Старуха встает в окне. Девушка на балконе поднимает флаг доверху.
Рукоплещите, сограждане! Правда, нынче воскресенье, но вызволить овцу из колодца и сорвать колос в поле и в воскресенье не грех, а я, хоть и не родился в сорочке, обладаю даром пророчества и врачевания, ибо некогда вернул к жизни утопленницу… да, дело было в Гамбурге, таким же воскресным утром, как вот нынче…
Молочница входит, ее видят только Студент и Старик; она тянет руки вверх, как утопающая, и пристально смотрит на Старика. Старик садится, весь съеживается от ужаса.
Юхансон! Уведи меня отсюда! Скорей! Аркенхольц, не забудьте про «Валькирию»!
Студент. Что все это значит?
Юхансон. Будет видно! Будет видно!
В круглой гостиной; в глубине – белый изразцовый камин, на нем часы, канделябры; справа прихожая, из нее видна зеленая комната, обставленная мебелью красного дерева; налево стоит статуя под сенью пальм; ее можно зашторить; в глубине налево дверь в комнату с гиацинтами, там сидит фрекен с книгой. Полковника мы видим со спины; он сидит в зеленой комнате и что-то пишет. Бенгтсон, слуга, в ливрее, входит из прихожей с Юхансоном, тот во фраке и белом галстуке.
Бенгтсон. Ну вот, вы будете прислуживать за столом, Юхансон, пока я буду принимать одежду. Приходилось раньше-то?
Юхансон. Целый день, как вам известно, я катаю боевую колесницу, а вечерами прислуживаю на званых ужинах, и всегда мечтал попасть в этот дом… Странный тут народец, а?
Бенгтсон. Да, пожалуй что не совсем обыкновенный.
Юхансон. Что тут у них сегодня – музыкальный вечер?
Бенгтсон. Обыкновенный ужин призраков, как у нас это называется. Пьют чай, помалкивают, или говорит один полковник, а остальные грызут печенье, все вместе – хрустят, будто крысы на чердаке.
Юхансон. И почему это называется ужин призраков?
Бенгтсон. Да похожи они на призраков… И уж двадцать лет им это не надоест, собираются все те же, говорят все то же или молчат, чтоб не сказать чего невпопад.
Юхансон. И в доме ведь есть хозяйка?
Бенгтсон. Есть, да только она не в себе; сидит в кладовке, глаза у нее, говорит, не выносят света… Вон тут она сидит (показывает потайную дверь в стене).
Юхансон. Тут?
Бенгтсон. Ну да, я ж говорю – не совсем обыкновенный народец…

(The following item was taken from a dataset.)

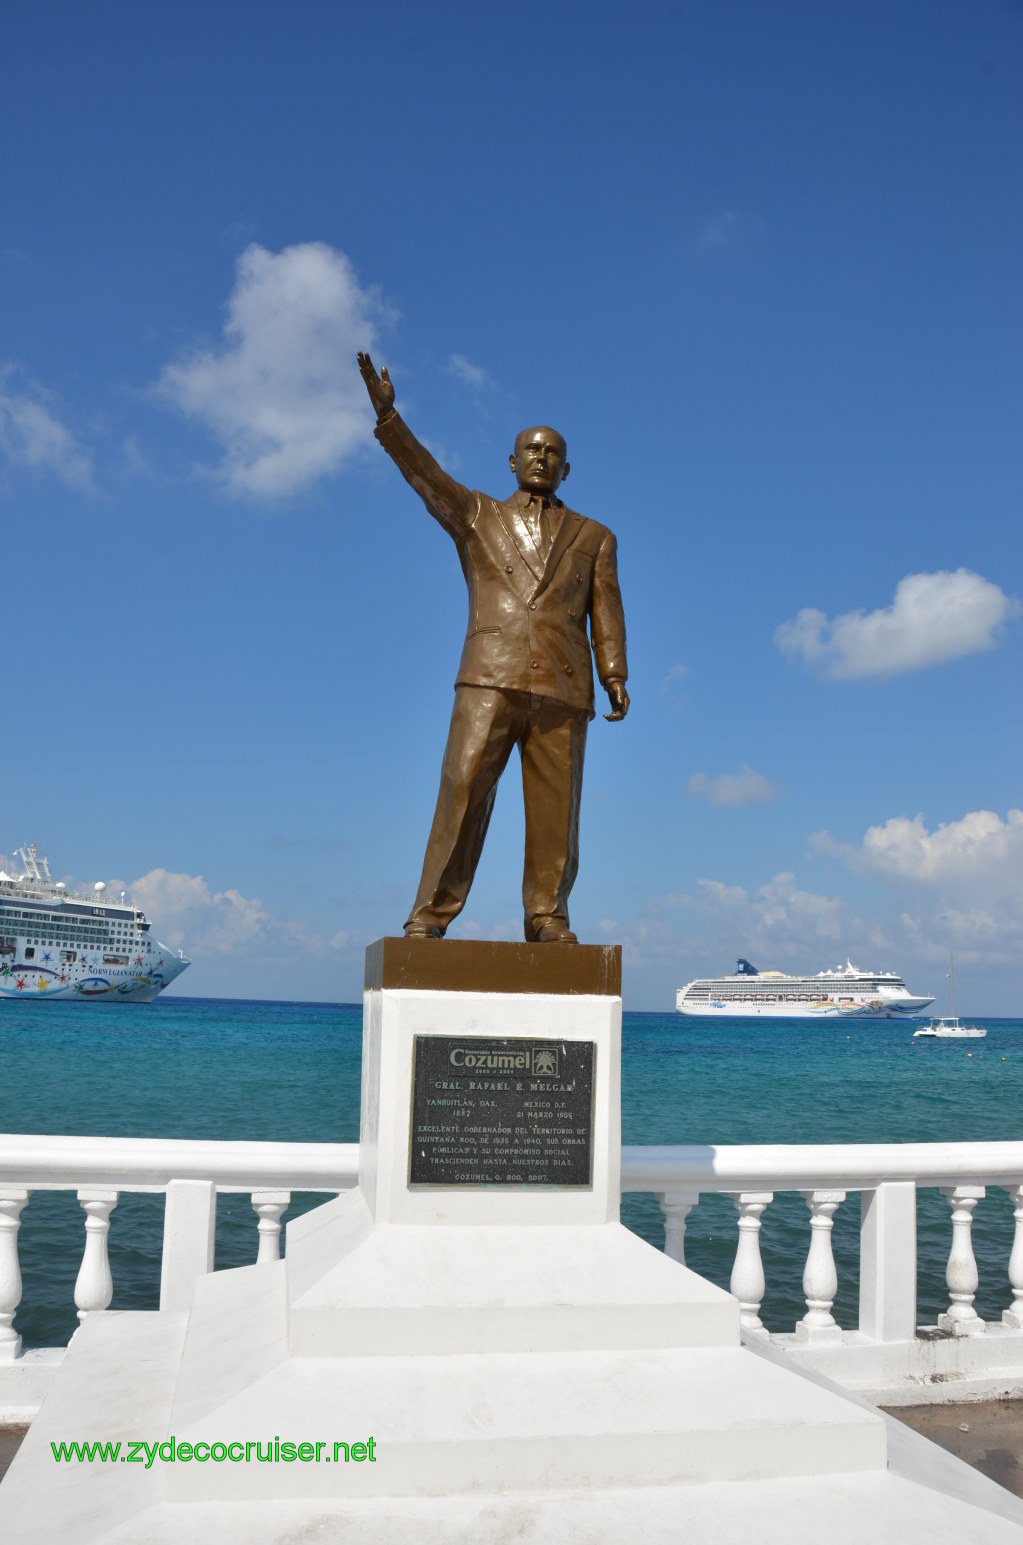 062: Carnival Conquest, Nov 18. 2011, Cozumel, Rafael E. Melgar statue

Юхансон. А какова она с виду?
Бенгтсон. Как мумия… хотите взглянуть? (Открывает потайную дверь.) Вон она!
Юхансон. Господи Иесу!…
Мумия (лепечет). Зачем дверь открыли, я же сказала, чтоб не открывали никогда…
Бенгтсон (подражая ей). Тю-тю-тю! Деточка будет паинькой и получит чего-нибудь вкусненького! Милый попочка!
Мумия (как попугай). Милый попочка! Якоб тут? Попка-дуррак!
Бенгтсон. Она вообразила, что она попугай, может, так оно и есть… (Мумии.) Посвисти-ка нам, Полли!
(Мумия свистит.)
Юхансон. Всего, кажется, понавидался, но такого еще не видывал!
Бенгтсон. Понимаете ли, когда дом стареет, он ветшает и в нем заводится плесень, а когда люди изо дня в день годами мучают друг друга – они теряют рассудок. Эта наша хозяюшка – да тише ты, Полли! – эта мумия проторчала тут в кладовке сорок лет – и тот же муж, та же мебель, те же родственники, друзья… (Закрывает дверь.) А уж что тут у них получилось – сам не знаю… Поглядите на статую… Это же наша фру в молодости!
Юхансон. Господи! Эта мумия?
Бенгтсон. Да! Поневоле расплачешься! Но силой ли воображенья или еще как – она во многом уподобилась болтливой птице – не выносит калек, больных… Даже дочь свою не выносит за то, что та больная…
Юхансон. Фрекен больна!
Бенгтсон. А вы не знали?
Юхансон. Нет!… Ну, а что же полковник?
Бенгтсон. Увидите сами!
Юхансон (разглядывает статую). Просто оторопь берет! А сколько же ей теперь?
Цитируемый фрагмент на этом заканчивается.